In [1]:
from dotenv import load_dotenv
import os

# Load the environment variables from the .env file
load_dotenv()

# Access environment variables
api_key = os.getenv("OPENAI_KEY")

In [2]:
from langchain.document_loaders import CSVLoader

loader = CSVLoader(file_path="raw_data/new_format_test.csv", encoding='latin-1')
docs = loader.load()

In [3]:
from langchain.document_loaders import BigQueryLoader
PROJECT = "wagon-bootcamp-377120"
DATASET = "g_adventures_dataset"
TABLE = "one_month"

BASE_QUERY = f"""
    SELECT *
    FROM {PROJECT}.{DATASET}.{TABLE}
    WHERE tour_name = 'Highlights of Jordan'
    """

loader = BigQueryLoader(BASE_QUERY)

docs = loader.load()

In [4]:
# print(docs[0].page_content)

In [5]:
from langchain.text_splitter import CharacterTextSplitter

text_splitter = CharacterTextSplitter(chunk_size=500, chunk_overlap=50)
texts = text_splitter.split_documents(docs)

In [6]:
from langchain.embeddings.openai import OpenAIEmbeddings
from langchain.vectorstores import FAISS

embeddings = OpenAIEmbeddings(openai_api_key=api_key)
retriever = FAISS.from_documents(docs, embeddings).as_retriever()


In [7]:
# v2

In [8]:
from langchain.prompts import PromptTemplate
prompt_template = """Use the following pieces of context to answer the question at the end.

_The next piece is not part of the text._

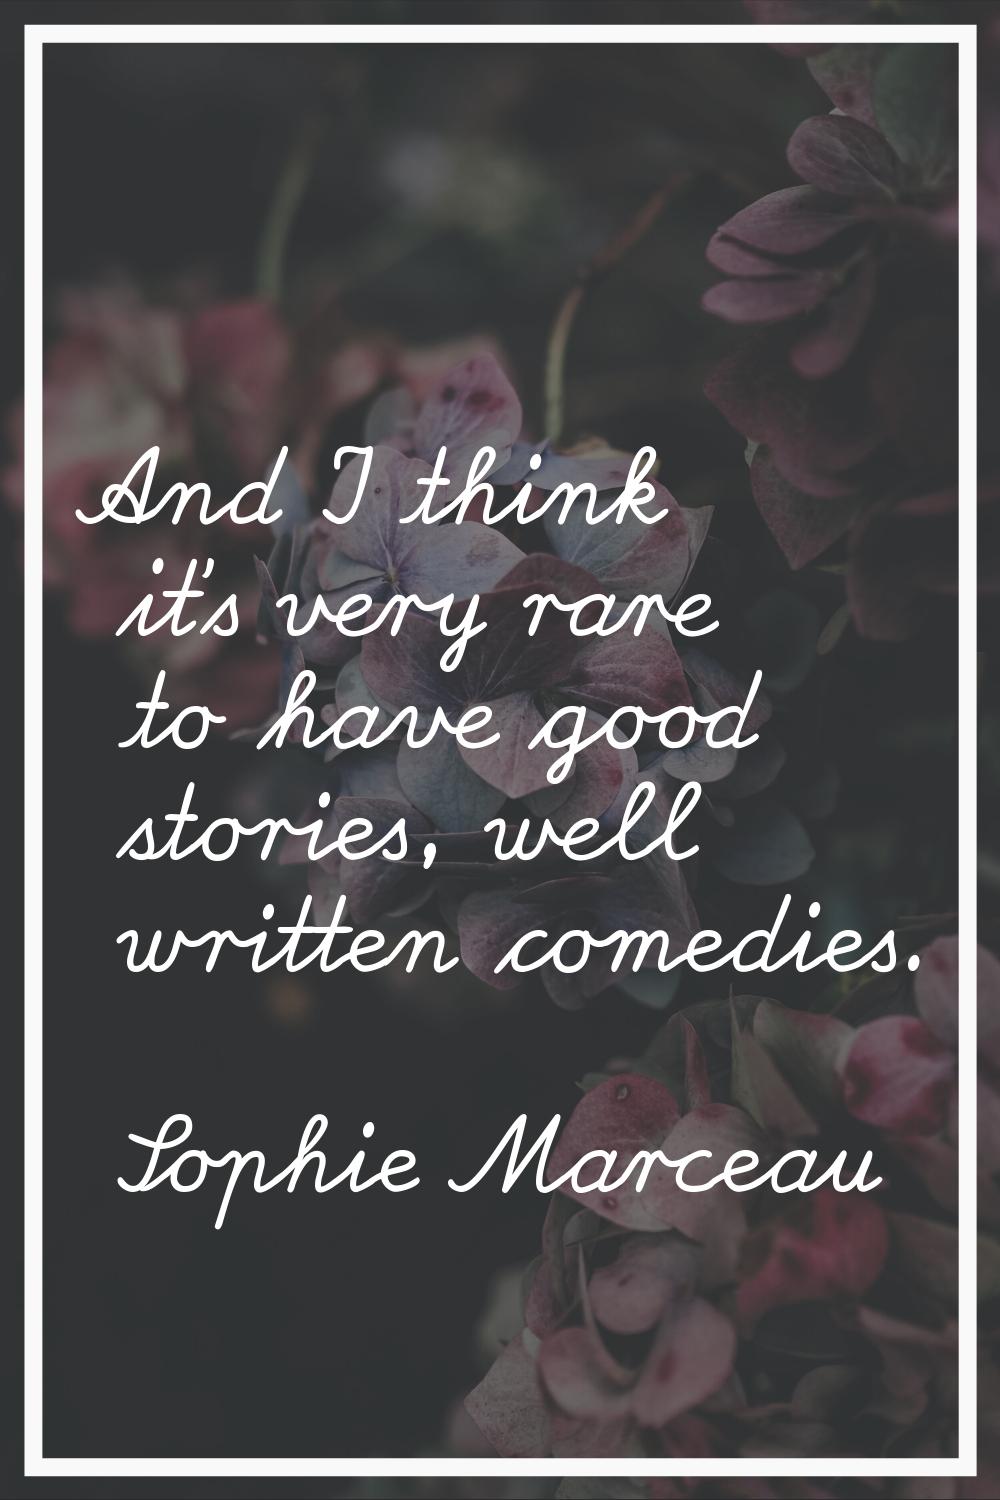 And I think it's very rare to have good stories, well written comedies.
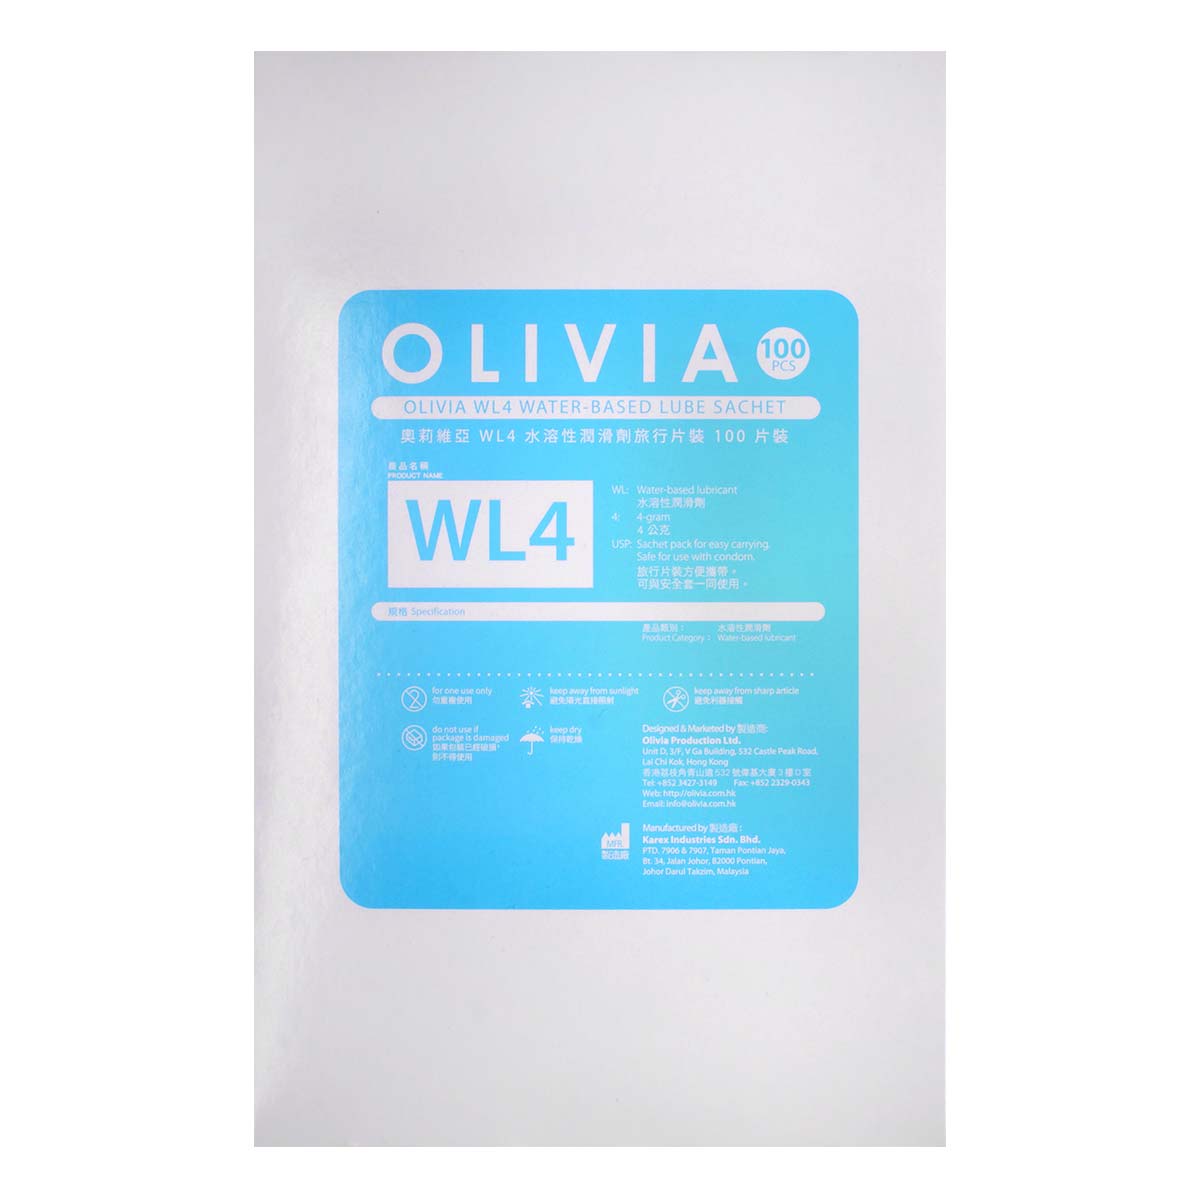 Olivia WL4 sachet 100 pieces Water-based Lubricant-p_3

If you don't know the answer, just say that you don't know, don't try to make up an answer.

{context}

Question: {question}
Answer:"""
PROMPT = PromptTemplate(
    template=prompt_template, input_variables=["context", "question"]
)

In [9]:
from langchain.chains import RetrievalQA
from langchain.llms import OpenAI

chain_type_kwargs = {"prompt": PROMPT}
qa = RetrievalQA.from_chain_type(llm=OpenAI(openai_api_key=api_key), chain_type="stuff", retriever=retriever, chain_type_kwargs=chain_type_kwargs)

In [10]:
query = "What are the departure dates for the tour?"
result = qa.run(query)
print(result.strip())

The departure dates for the tour are April 2nd, April 7th, and April 9th.